Crave Street Food in Cornwall to run from Truro horsebox – Falmouth Packet

A food stall owner has been given permission to use a horsebox for his business despite concerns about the size of the outlet.
Paul Coster, who runs Crave Street Food, had applied to alter his street trading licence in Truro City Centre.
Mr Coster, who serves hot dogs and snacks in Pydar Street, currently operates from a gazebo in the street but had asked Cornwall Council to alter this so he could use a trailer instead.
However, his application had attracted objections from Truro City Council and Truro BID, which were concerned about the size of the trailer and whether it was suitable for the pitch in Pydar Street.
Mr Coster told a meeting of Cornwall Council’s street trading sub-committee that the horsebox he wanted to use was slightly longer than the gazebo but was narrower so would actually provide more space for pedestrians.

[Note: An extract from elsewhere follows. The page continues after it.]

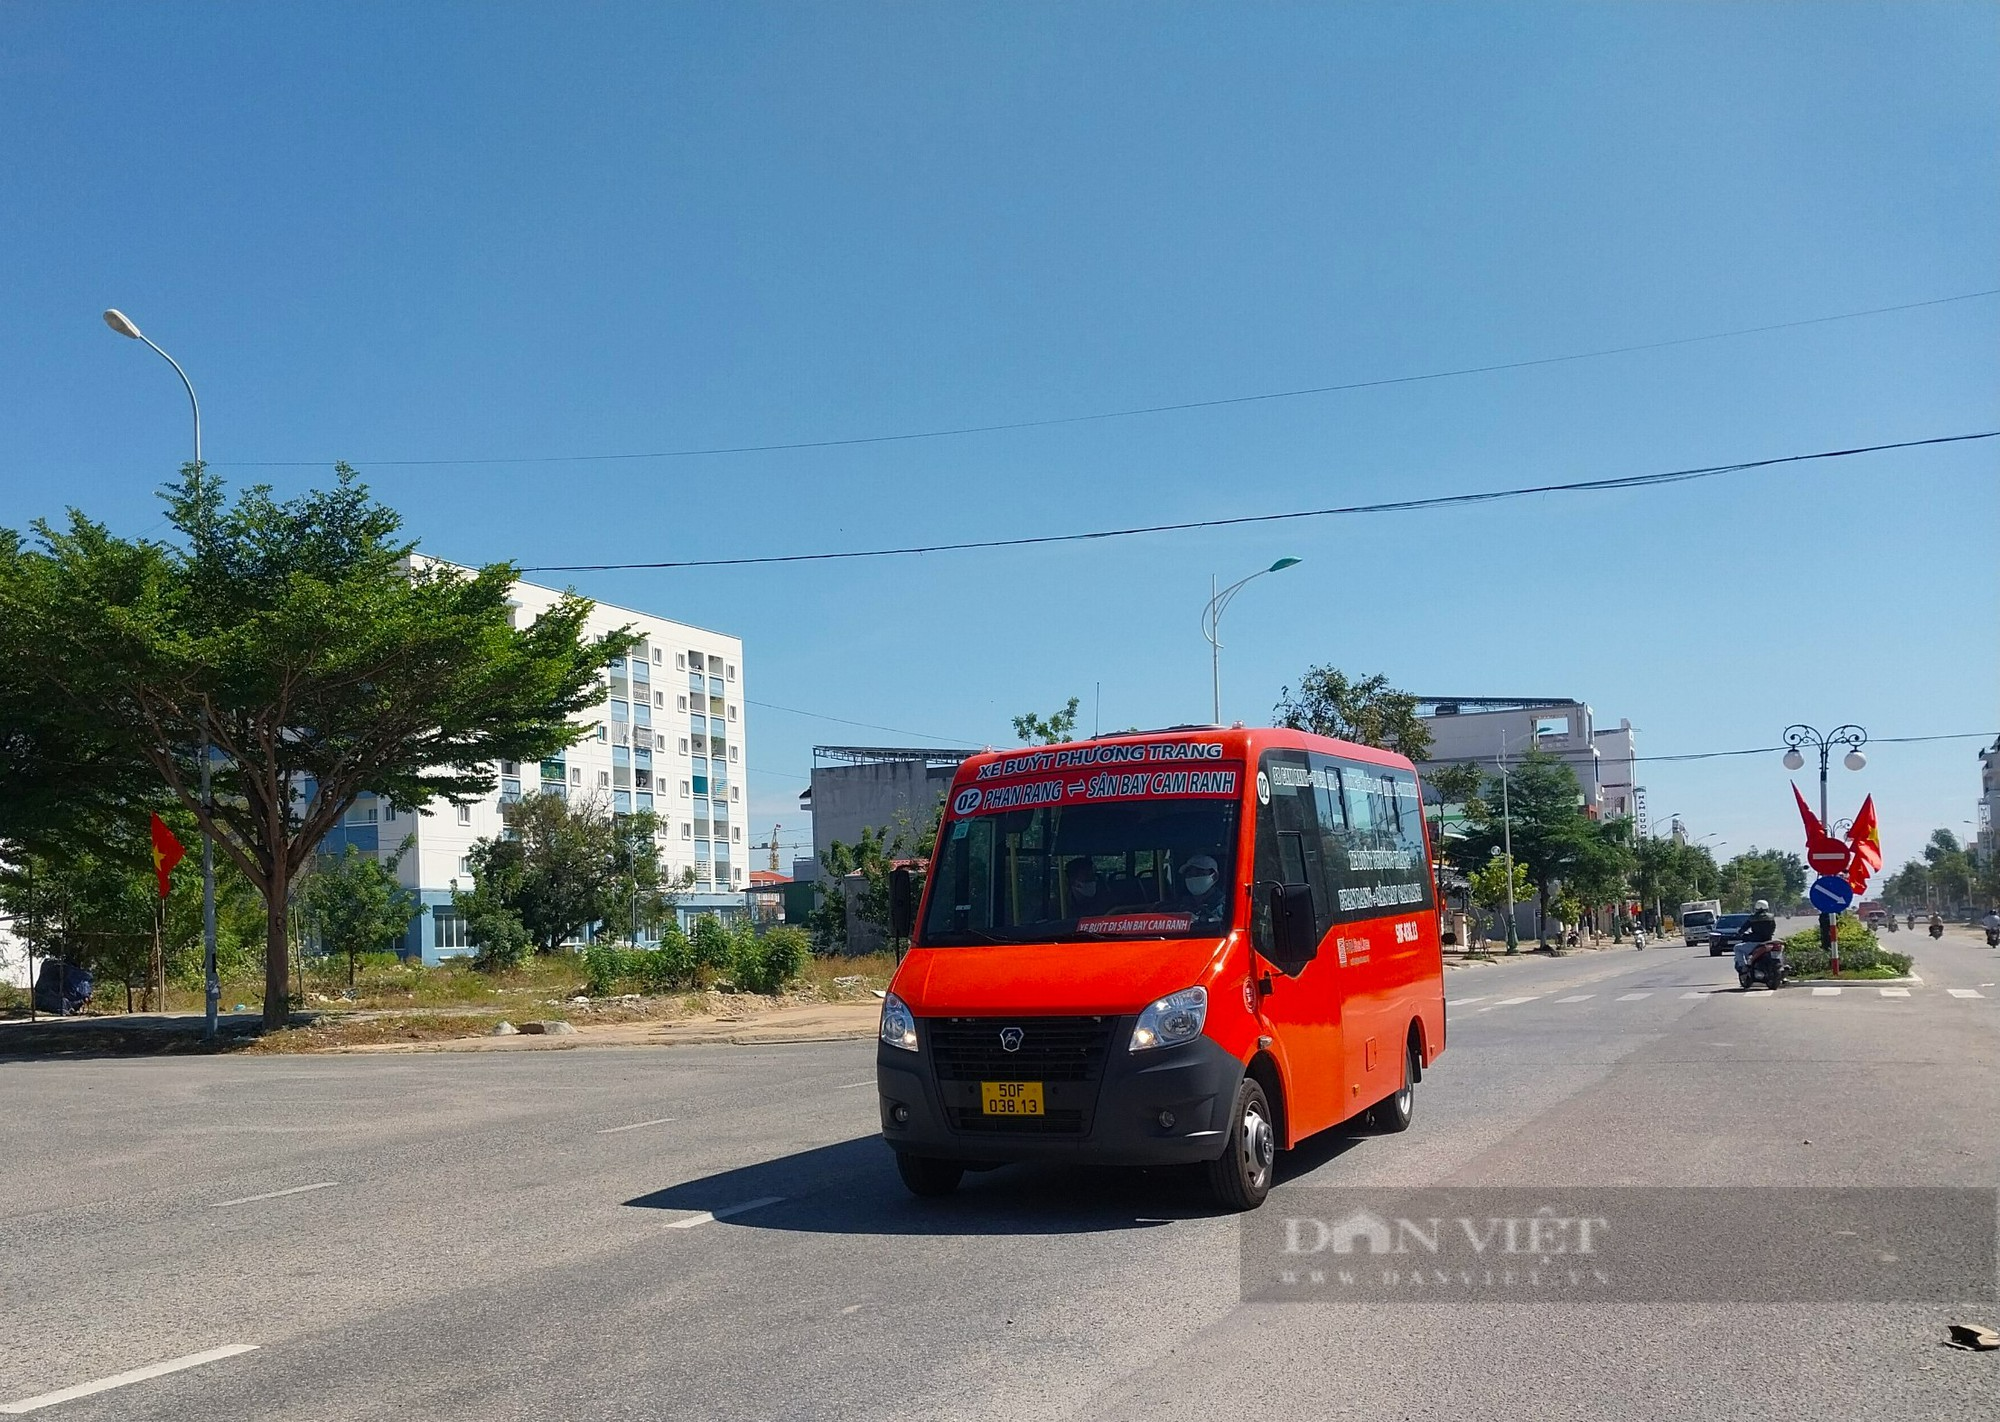 Chính thức đưa vào hoạt động 2 tuyến xe buýt liên tỉnh kết nối Ninh Thuận với Bình Thuận và Khánh Hòa - Ảnh 3.

He said that he wanted to have the ability to use the trailer as it would be better for when weather was poor and more suitable in the winter months. The application also sought to extend the times of operation to 10pm, but Mr Coster said that this would only apply on special occasions such as the Christmas late night shopping events in the city.
Mr Coster said that he felt that the horsebox would look better than the gazebo and that it would be welcomed by other businesses in the city. He said: “It is about creating a vibrant Pydar Street.”
Steven Webb, from Truro City Council, said he was concerned that if the licence was granted it could set a precedent and that other street traders would want similar trailers. He was also concerned that these could block the street.
Alun Jones, from Truro BID, said that he feared that allowing trailers into Pydar Street could block people from walking down the street and being able to see across the street to other shops.
He said: “It is almost a high street within the high street, we don’t think that is the ambience that we would want.”
However, the committee agreed to grant the street trading consent, saying it did not consider there was sufficient evidence to refuse the application. The committee noted the concerns but said that there would be no risk of precedent as every application would be considered on its own merit.